Step 3: Install required packages and update the project with your data

  1. You will see that openai at the top is highlighted red. Hover over it for a few seconds and you should see what you see in my screenshot. Click on install package openail:
  2. On line 4, you will see openai.api_key = ‘YOUR-API-KEY’. Replace YOUR-API-KEY with your actual api key. You can create a new one from here: https://platform.openai.com/account/api-keys
  3. Create a TXT file with the name ‘FILENAME.txt in the same folder you created your project. Right click your project folder, click on new -> File -> Filename.txt.
    You can alternatively create a file with a different name, but you would need to update this line (line 24):
    file_content = read_file(‘FILENAME.txt’)
    Change FILENAME.txt to your actual filename.
  4. Right click somewhere inside the editor and click on Run ‘main’
  5. Here at the bottom you will have a terminal open. It will say: ‘What is your question?:’. Type in your question regarding your data, and wait for the chatbot to respond:

This is pretty much it. This is very simple implementation, and if there is interest I can create something a bit more complex, but it will get you started. You can make the process iterative and aks multiple questions, dynamically enter filenames / paths etc. Lots of possible improvements and cool stuff you can do from this point.
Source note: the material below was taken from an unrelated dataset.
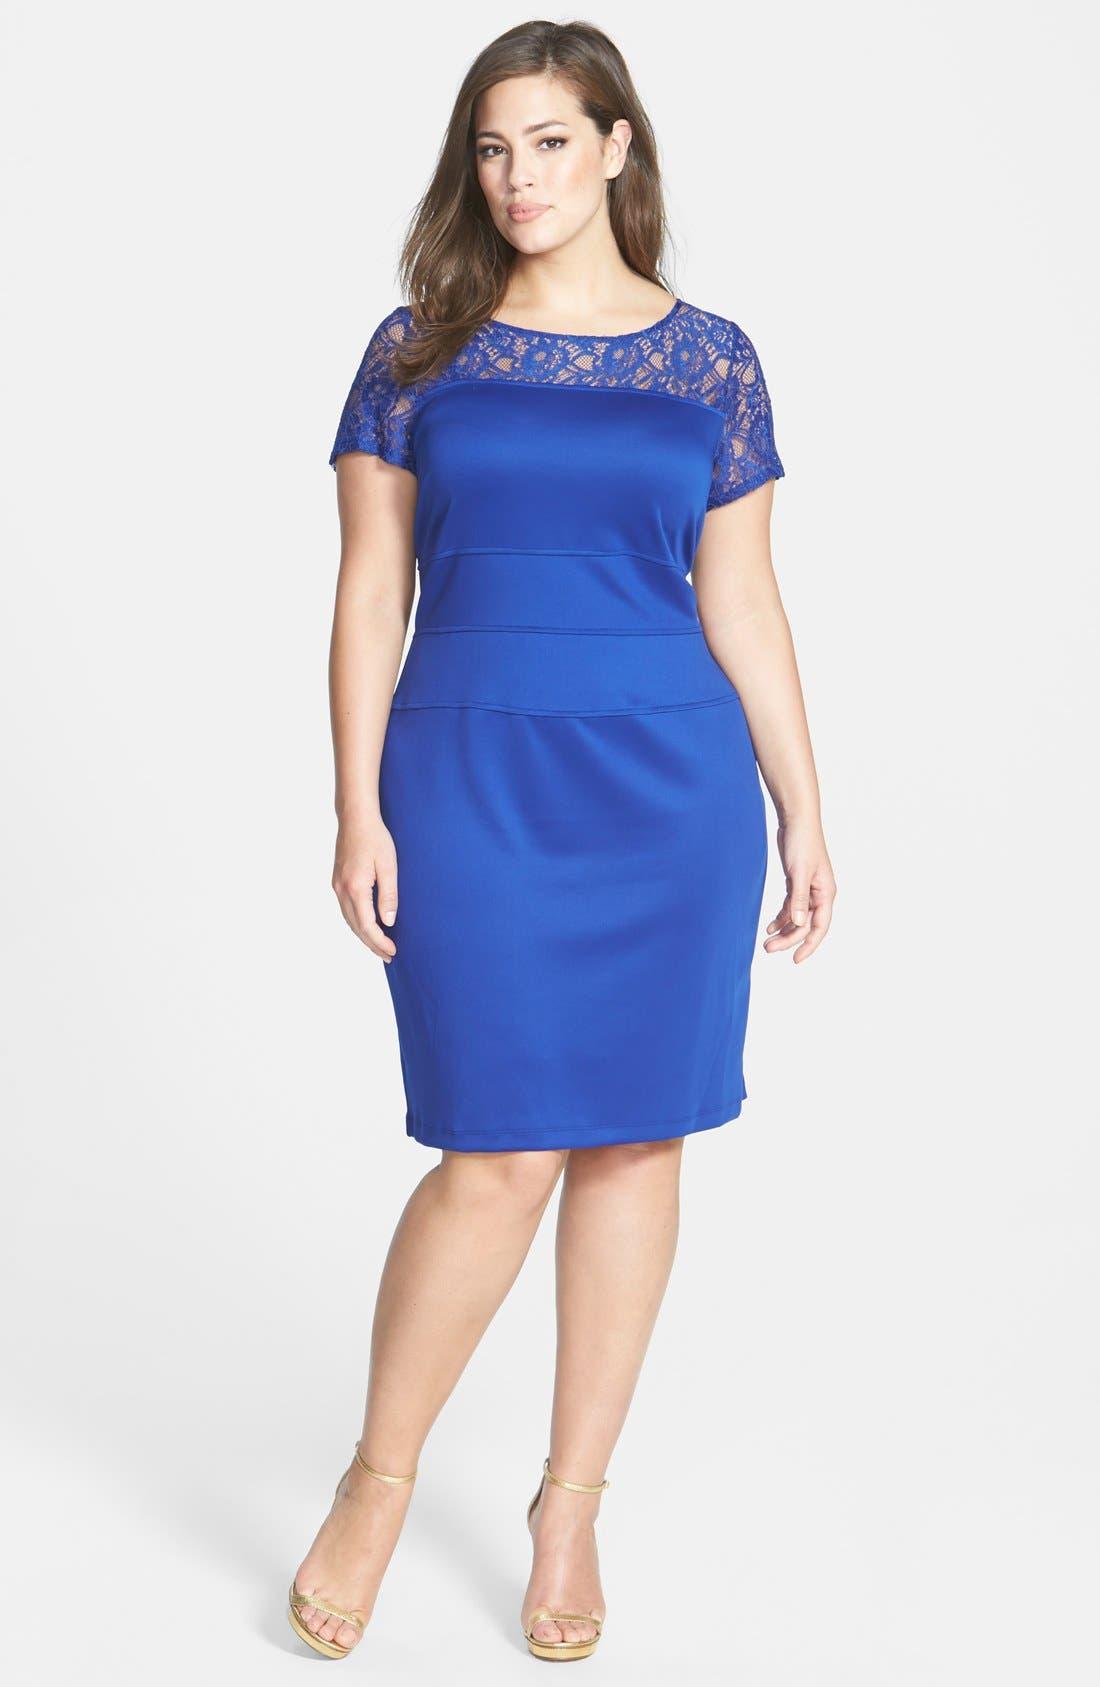 Main Image - Gabby Skye Lace Yoke Sheath Dress (Plus Size)

Important Notes On Uploading Documents To ChatGPT using OpenAI API:

How long can the uploaded text be?

It shouldn’t be more than the total context the model you’re using allows, together with the length of output you expect. You can see the context limits for the models here: https://openai.com/pricing

We are using the default gpt-3.5-turbo here, so the context is around 4k, which is about 3000 words. You can definitely go way above it with a different model. Currently up to 32k tokens, and you need to use the pricy GPT4.
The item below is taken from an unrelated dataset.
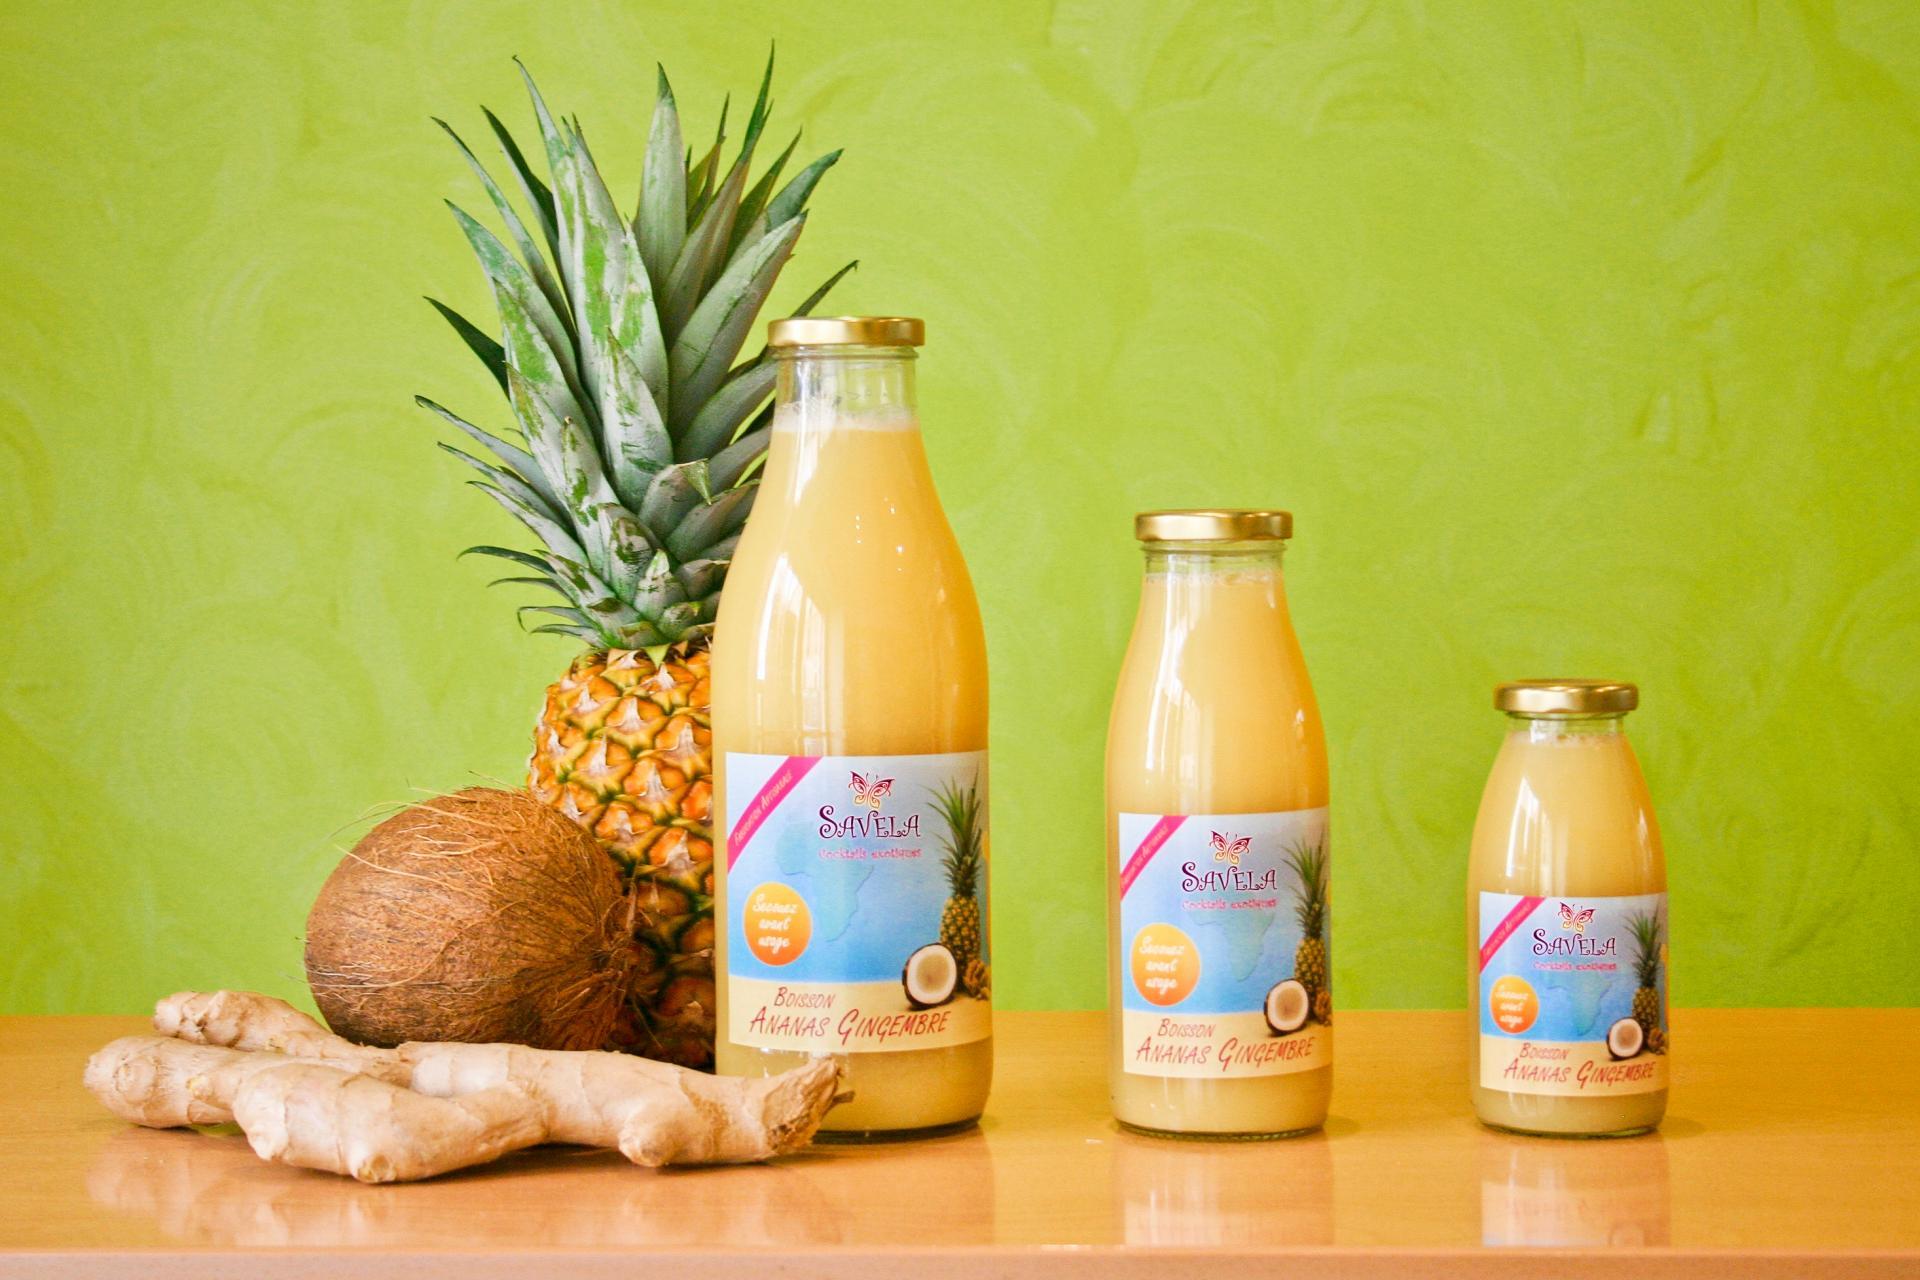 Boisson ananas-gingembre et ses ingrédients - Savela Marseille
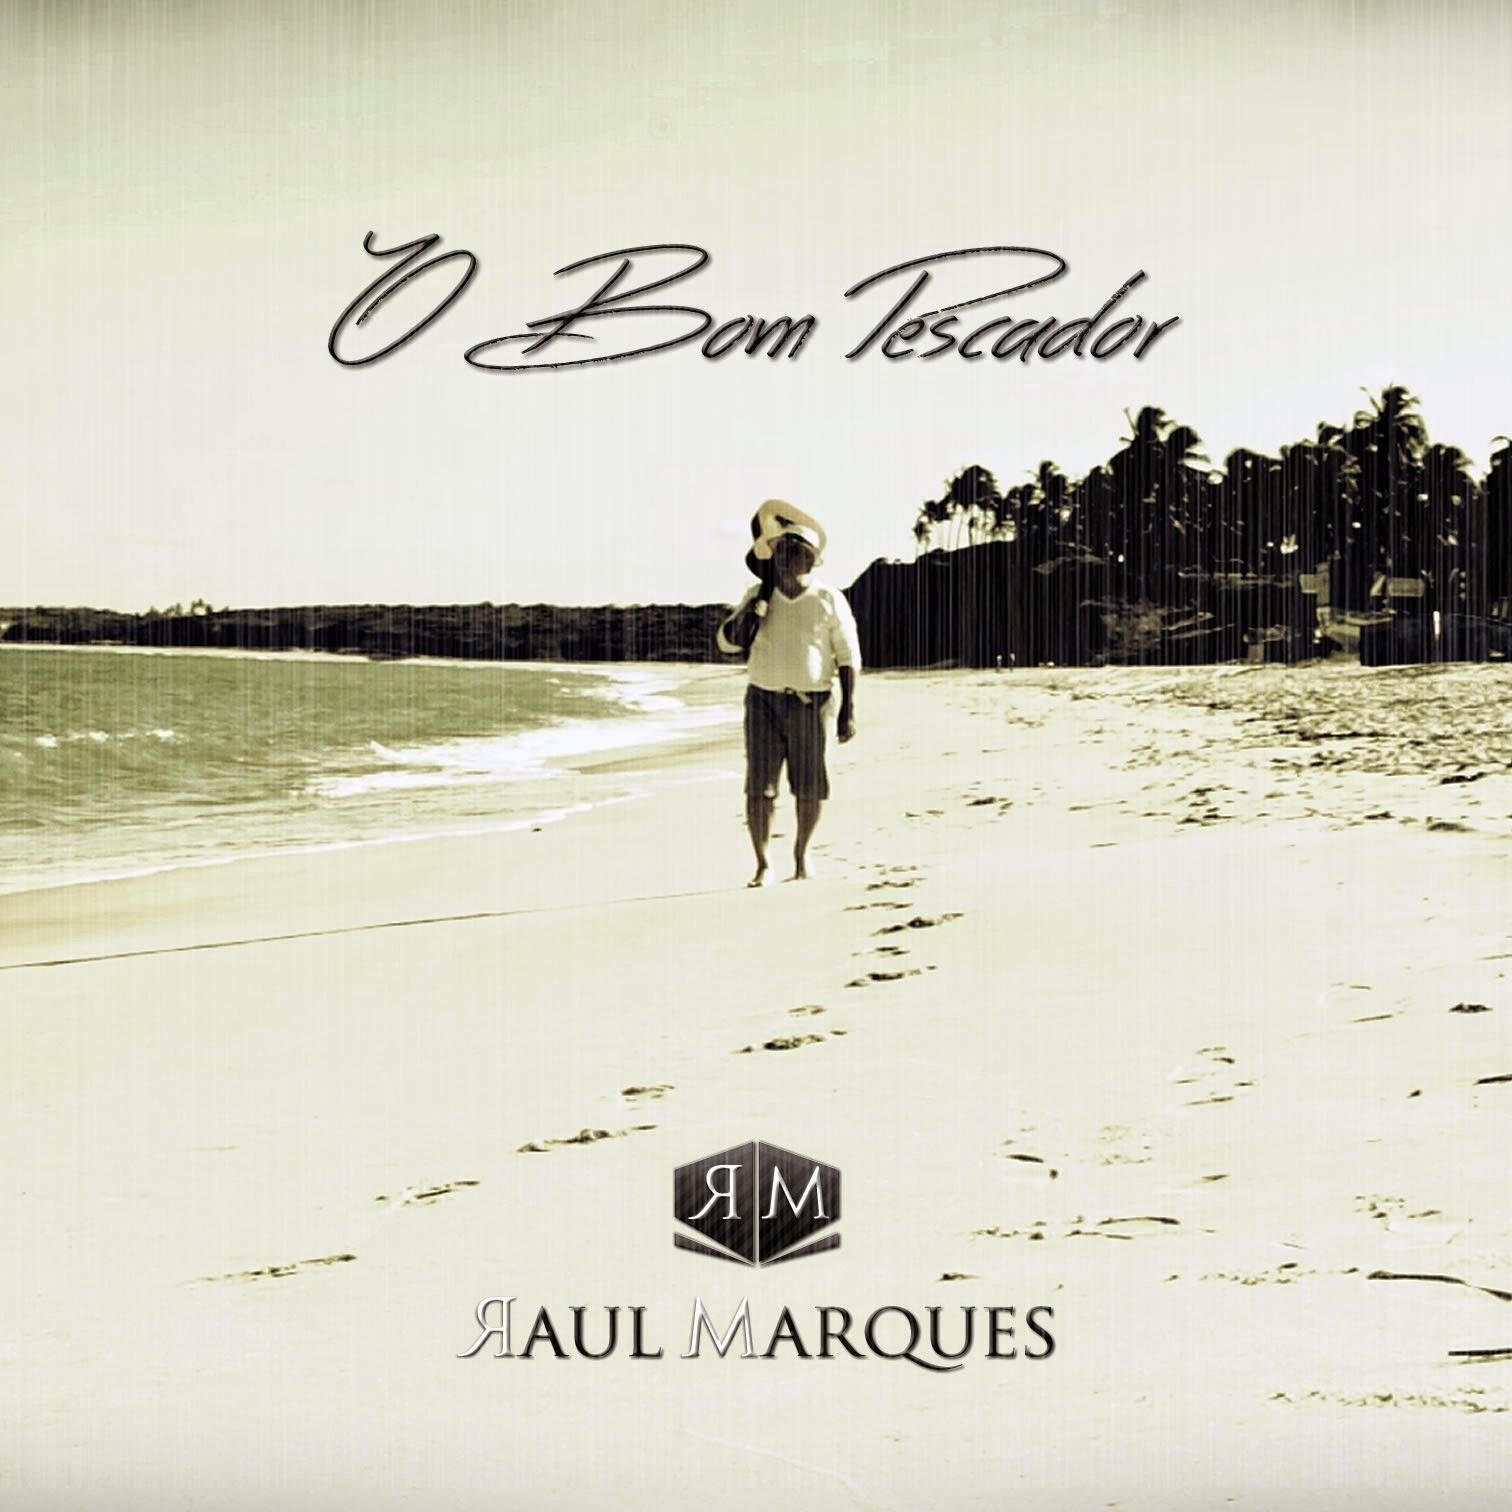 """Novo CD - """"O BOM PESCADOR"""""""

Is my data safe when I use the API?

By default, OpenAI will not use your conversations through the API to train the model.  However, they still keep them in the system for 30 days for abuse monitoring. Having that in mind, make sure you do not use any sensitive data. From the OpenAI documentation, I found out that you can come to agreements with OpenAI directly where they do not store any data at all, but that is possible after a direct conversation with one of their sales teams. So if you’re a company, you still have options. To understand how ChatGPT (the online chatbot itself) stores and handles data, check out my comprehensive article here: Does Chat GPT Save Data? 

Conclusion: Why use the OpenAI API over ChatGPT to upload documents?

OpenAI gives you a simple way of using its API to communicate with different ChatBots. However, it is much easier to use the ChatGPT chatbot itself, especially after the introduction of the Code Interpreter. Check my comprehensive article on the topic here: How To Upload A Document To ChatGPT. The main two reasons here are: Data Privacy and Context Limit. 

OpenAI API is more private

By default, the conversations you have with the Chatbot will not be used to train the model if you use the API. Additionally, if you are a company, you can negotiate with OpenAI a solution that doesn’t even store the data for the default 30 days.

OpenAI API has a bigger context limit option

Depending on the model you choose to upload the document to, you can have up to a whooping 32k context limit. From what I could gather from around the web, it seems like the online chat version, ChatGPT and ChatGPT plus has a context limit of around 4k. A significant improvement I would say, and one that gives you many more options on the files you can use.